We set off, but in a different country than I had been in just moments before: a country where people spent the few decades allotted to them raising children, knowing those children, too, had only a few decades to live. They did it all in the hope and belief that they and their children would go to a better place when they died. It struck me again that everyone here died. They died. They lived for a little while and then they stopped living. All those beautiful children I had just seen would be dust in only a few short years. And their children and their children, generation after generation until the end of time.
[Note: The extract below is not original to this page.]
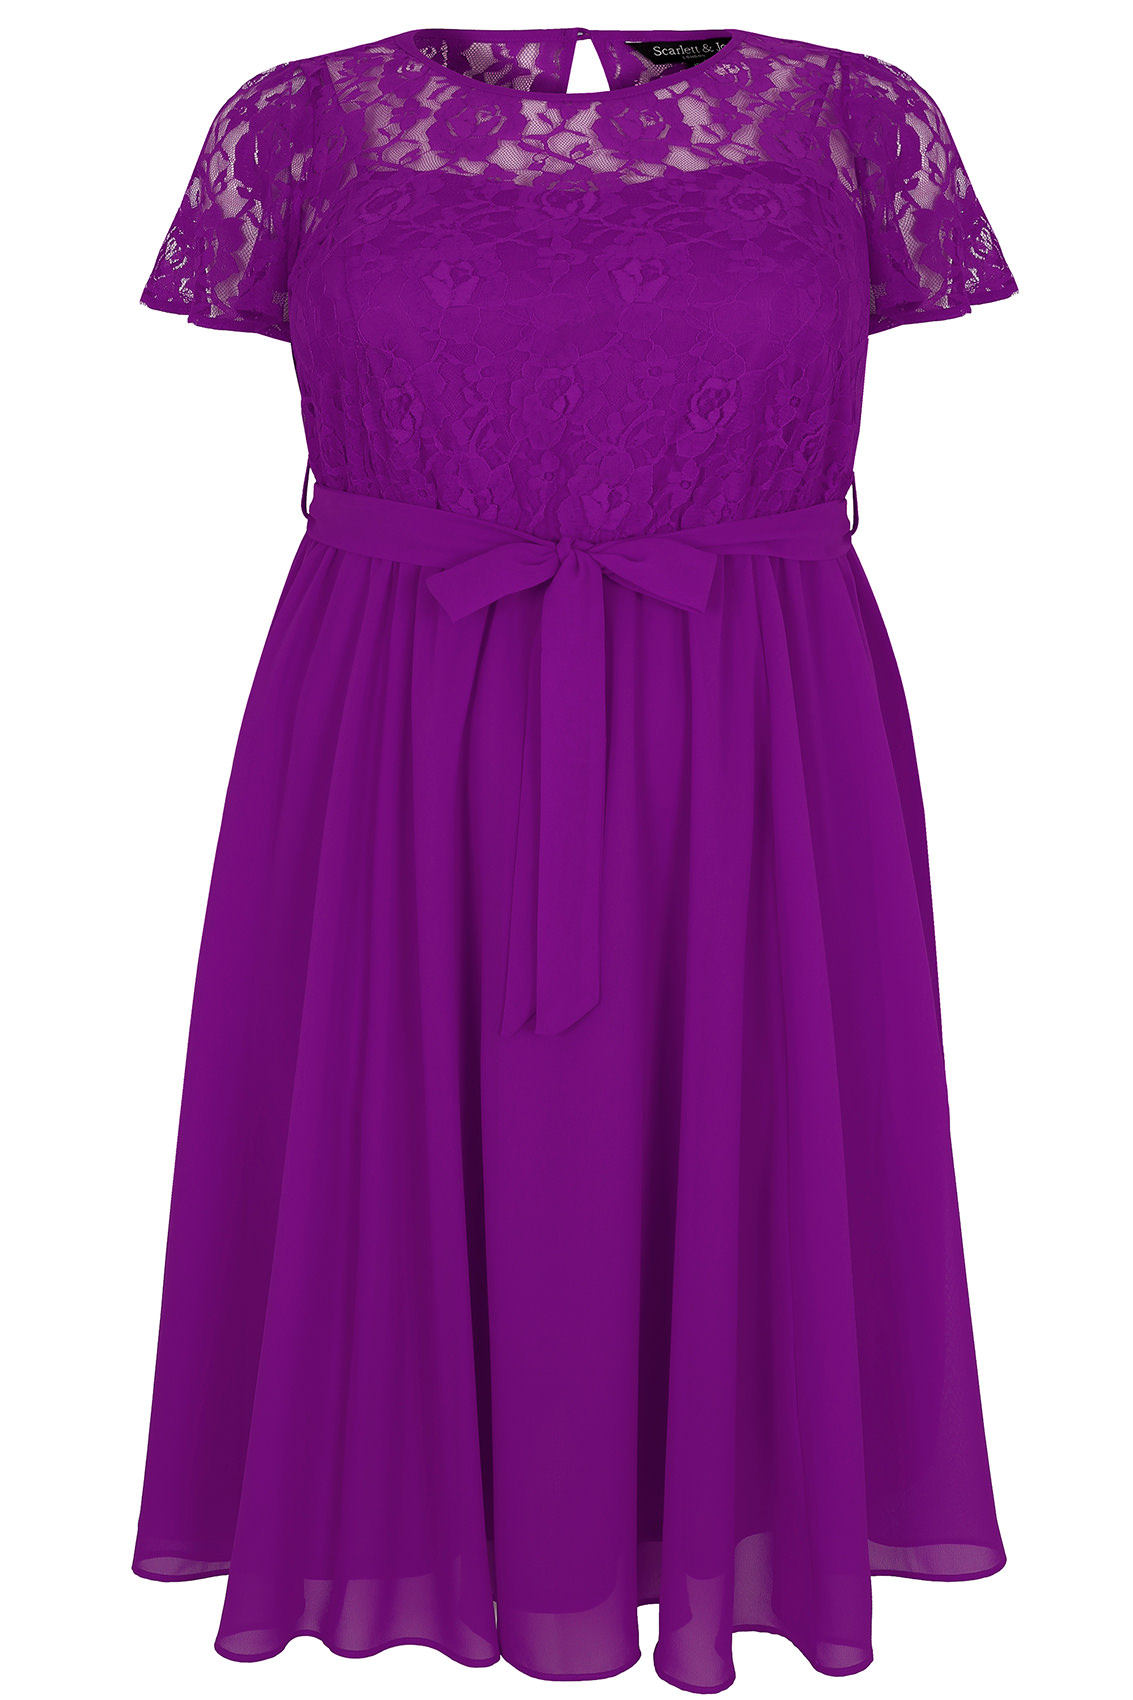 SCARLETT & JO Purple Midi Dress With Lace Top & Pleated Skirt, Plus ...

My wife appeared before me. My heart stopped. She was young and healthy, radiant and serene. No, she was radiant and kind of feisty, like she’d always been. She spoke to me. She told me that the children were with her now, that they were fine, they were happy. I wanted to ask if she was happy, but I couldn’t get a breath to speak. I wanted to ask her where she was, if my father was there, my sister, my mo– my mo– I couldn’t. She smiled at me. I was unworthy of her smile. She smiled again. I was still unworthy. I tried to reach out to her, but my arms were dead, inert. Did she look sad? I couldn’t tell, but she had to leave. She turned, glanced back over her shoulder, and ...
“Mo? Mo, are you all right? Mo!”
“What?” Steel had cupped my face in her palms. She was looking into my eyes. Archie and Alice were behind her. “No, I’m okay.”
“Are you okay?”
“I’m okay.”
“Are you sure?”
“I’m okay.”
“You kind of faded out on us.”
“I’m okay. I— uh—” I couldn’t think of how to explain. “I’m okay.”